# How to make Large Finger Joints



## Steamboater (Nov 22, 2014)

Need advice on how to make large finger joints in the end of a 3"x6". I am trying to make a Nyquist Tail Vise and I am having problems trying to figure out how to accurately cut the joints with power tools. I have a table saw but the dado set is only 8" and will not cut three inches deep. Any ideas would be appreciated. Thanks


----------



## woodnthings (Jan 24, 2009)

*bandsaw?*

I have had pretty good luck/accuracy using a bandsaw to cut tenons. I don't see why you couldn't use it to cut your fingers. You'd have to pare the edges a bit to get them precise. Wasting out the centers would require a jig saw with a 6" blade OR use the bandsaw as far as it will get you. I like a 1/2" 3 TPI blade on my 14" saw and a 3/4" 3 TPI blade on my 18" saw. You may be surprised how accurate you can get with a new sharp blade.... :yes:


----------



## Steamboater (Nov 22, 2014)

Thanks for the information. I cannot say that I have made allot of finger joints though I have used some inferior (read cheap) jigs that incorporated the use of a router. I have since purchased a Leigh jig and was very excited about it until I realized that a router will not make a 3" finger joint. I do have a Delta band saw and a table saw. I will try the method you suggested in a scrap 3x6 using my band saw. I have also decided to make a sled for my table saw and see if I can get it to cut the fingers using a single blade. I have also purchased a 10 inch dado set for my table saw (Bosch Contractor) but the instructions say not to use anything larger than an 8" dado set. The 10 inch fits just fine, though the table insert plate does not work with a 10" dado set. I am contemplating removing the majority of the material between the fingers with a single pass table saw blade, or band saw, and then using the 10" dado stack for the finished cut without the plate installed. I am a little nervous about trying this, any advice?
Thanks again for your reply


----------



## woodnthings (Jan 24, 2009)

*don't use the 10" dado*

They don't want you to use it, it will have too much spinning inertia and may damage the motor/arbor. 

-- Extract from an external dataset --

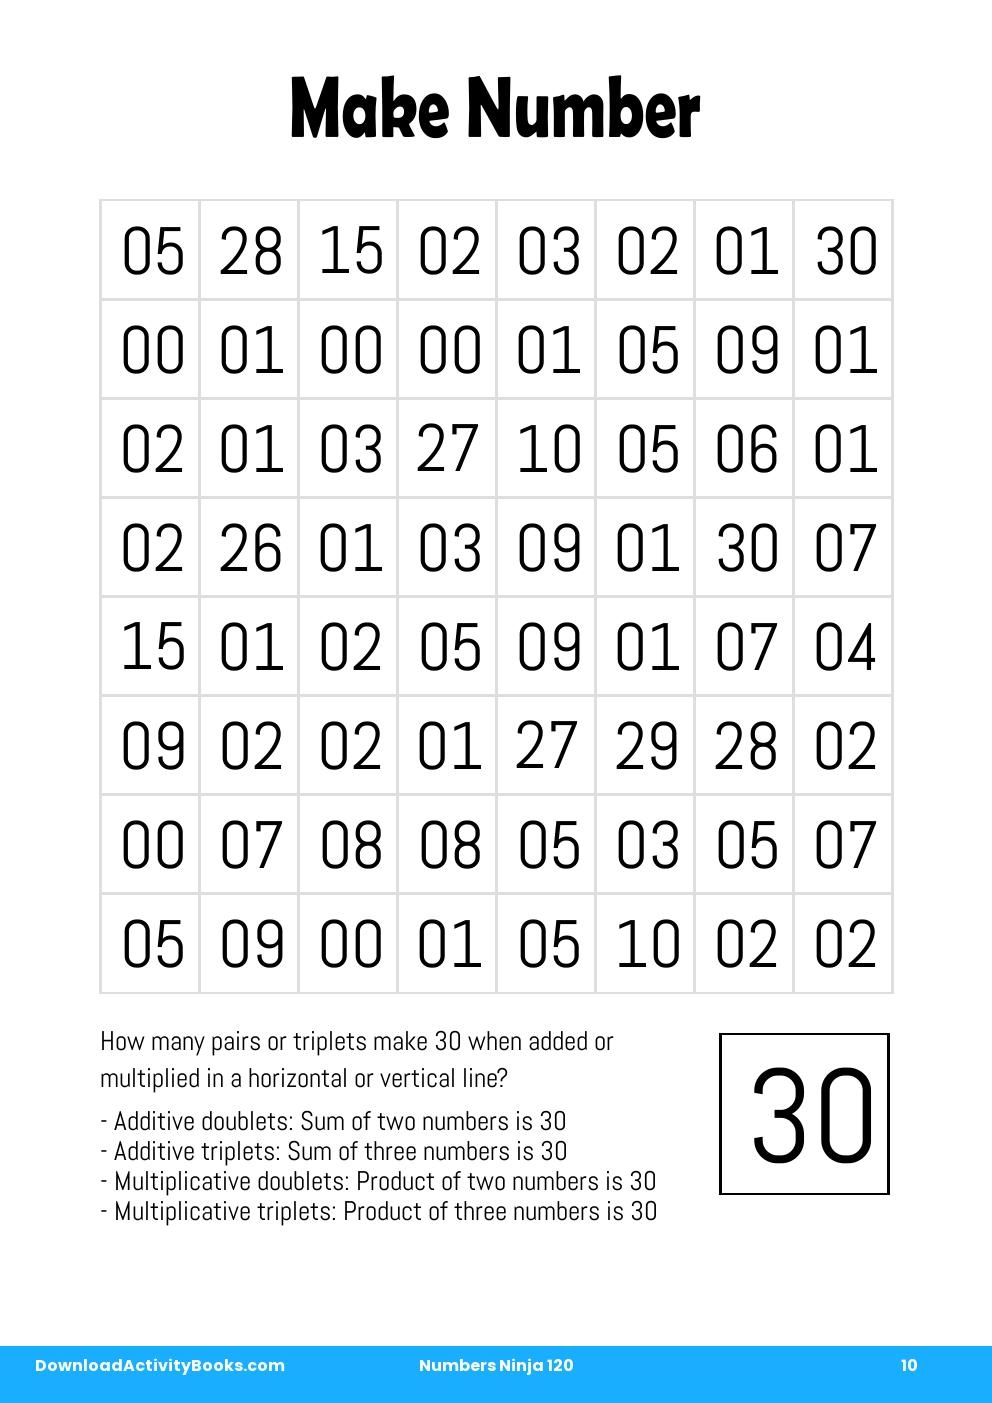 Make Number in Numbers Ninja 120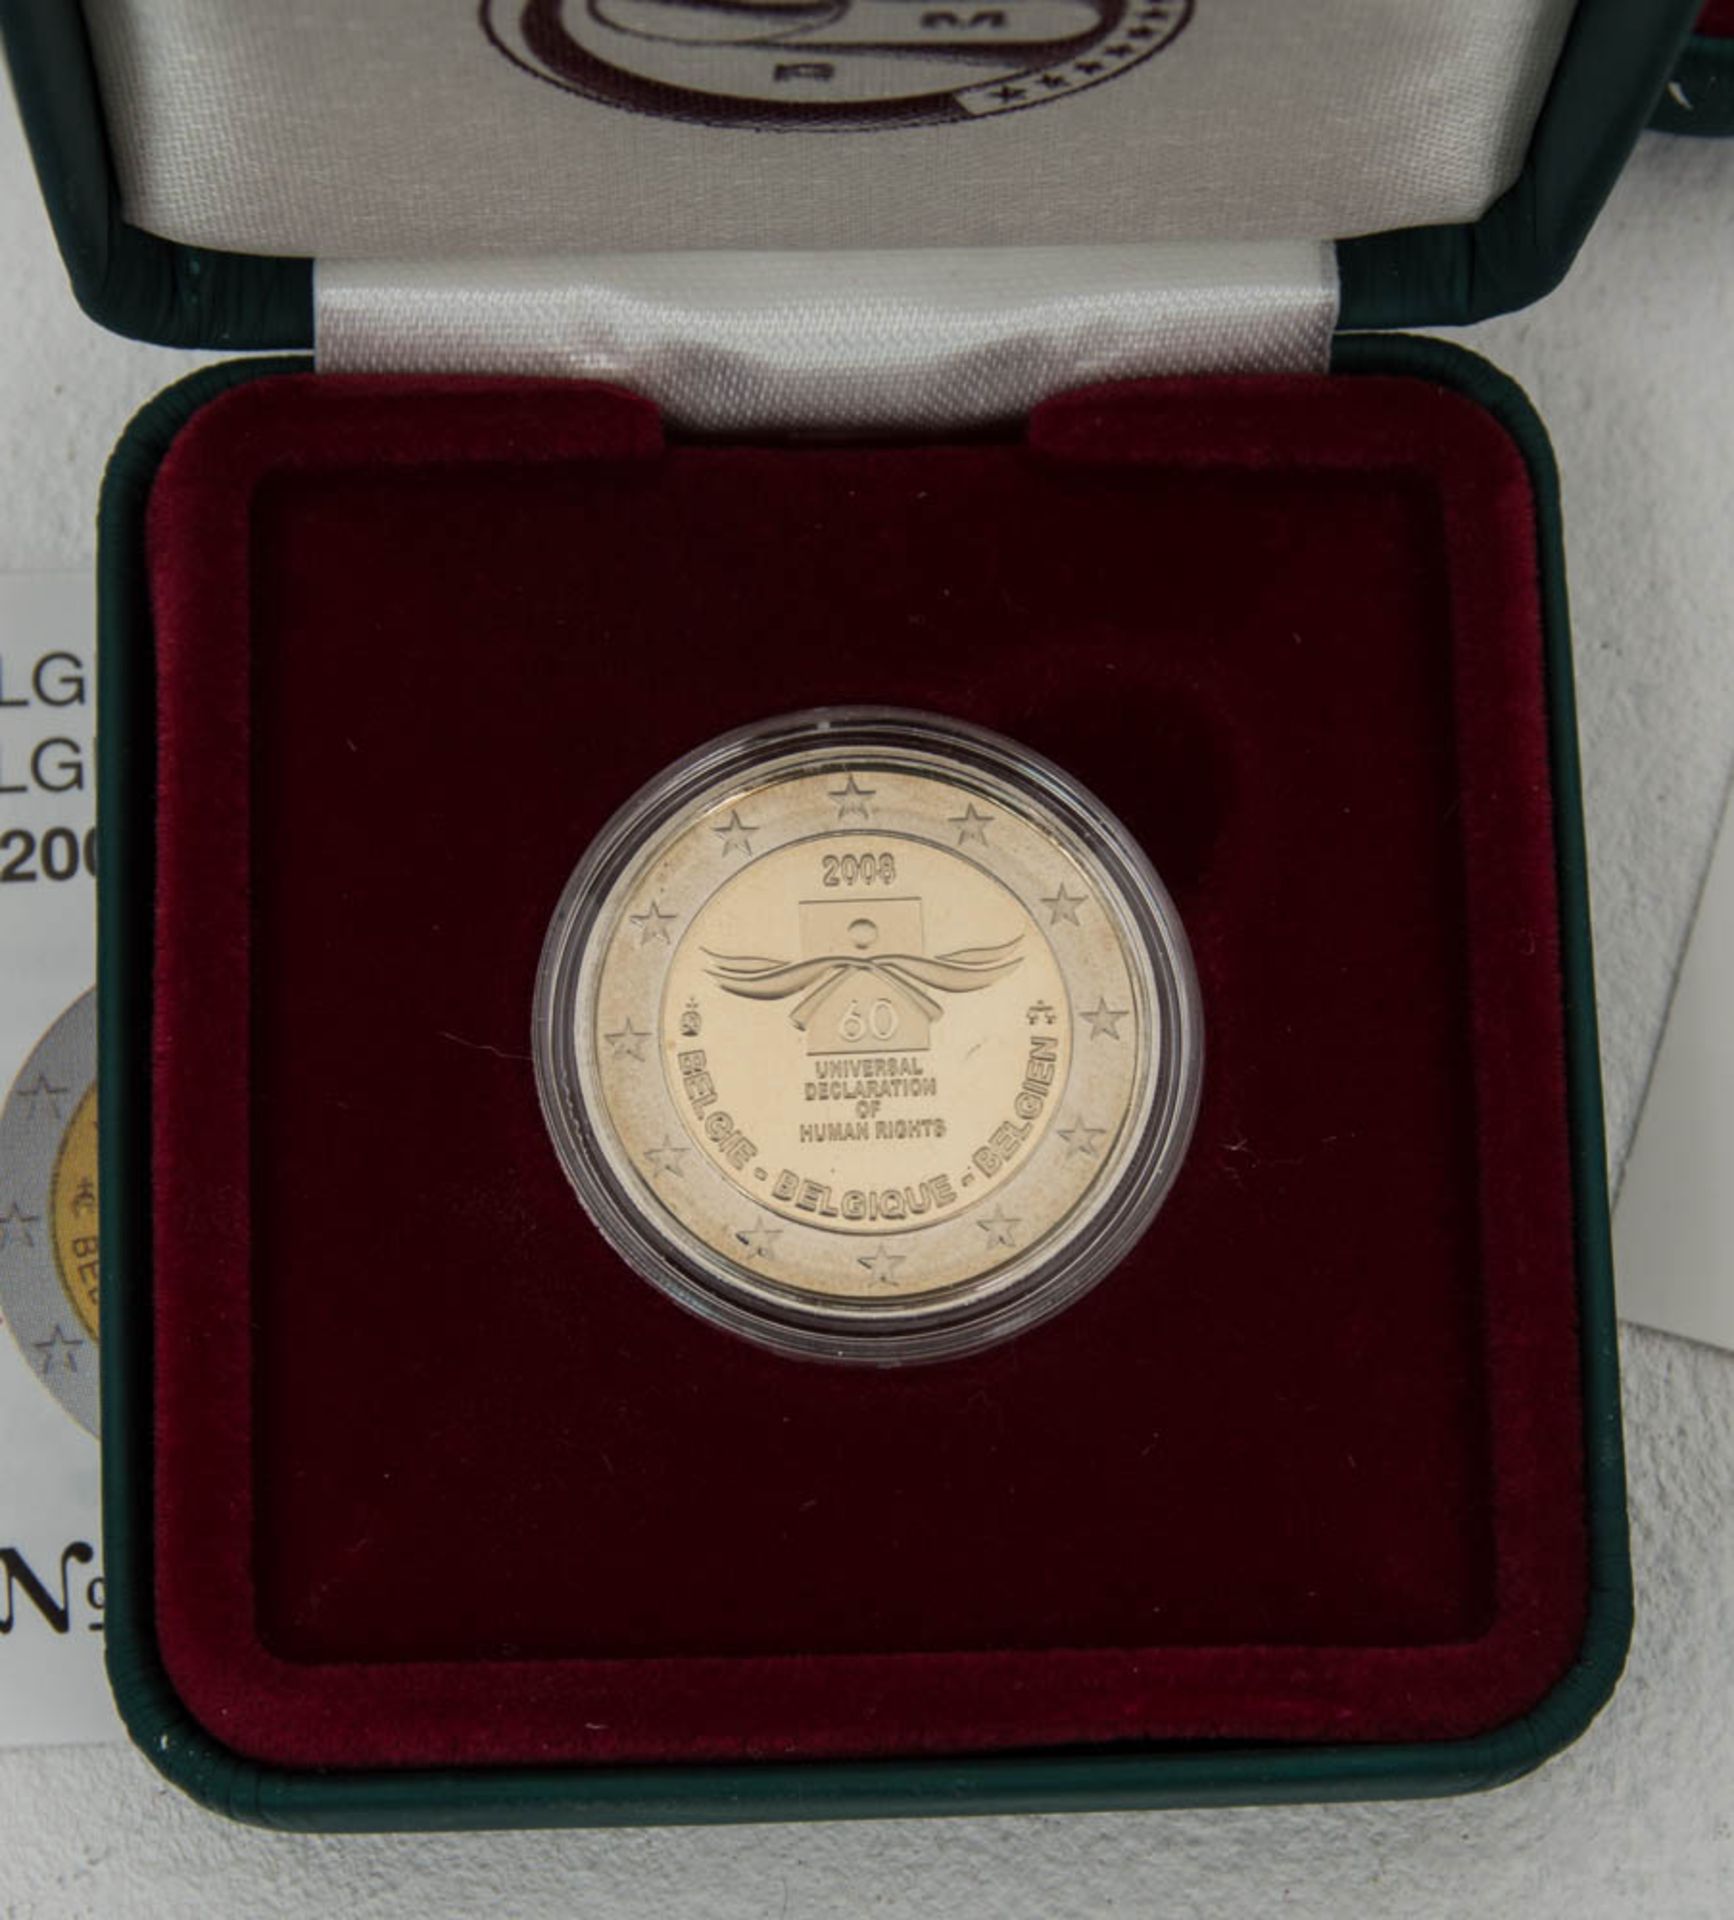 Sammlung Belgien 2 € Münzen.15 Stück, durchweg Sammlerqualität mit OVPs.Belgie - Bild 3 aus 6

A single blade on the table saw will define the outsides of the cut and you can "waste" away the interior by several means ...jigsaw, handsaw, bandsaw, multiple table saw cuts... etc. 
I have a 10" dado for my 12" tablesaw, it's a monster and very intimidating when spinning at 5,000 RPMs.


----------



## Maylar (Sep 3, 2013)

I'd be using a band saw and chisel for this.


----------



## Woodenhorse (May 24, 2011)

Are we talking about finger joints or dovetails? I would use dovetails for what you're describing. A finger joint is generally used to glue to boards end to end. In the case of large dovetails, a handsaw and chisel should be all you need.


----------



## Steamboater (Nov 22, 2014)

Thanks for all the replies! This site is a wealth of information. I think "WoodNThings" has confirmed what I suspected, the 10" dado set would put undue stress on my table saw. I am now stuck with a brand new 10" dado stack that needs a new home.
The joints I am looking to fabricate are for a "Nyquist" Tail Vice. When it is done, it will look like three 3"x6" pieces of lumber arranged in a "Horse shoe configuration. I have seen quite a few of these vices in the "Work Bench" book by Lon Schleining. Nowhere does it explain how the joints were cut, but they are finger joints. I think dove tails would be stronger but they would also be more difficult to cut. I plan on making a trial run on some relatively soft 3"6 Doug Fir, and if it goes well, I will make the final project out of some very hard/old Ipe wood.
Thanks again for all your input and advice. I feel like I have already saved my table saw and perhaps a nasty causality.


----------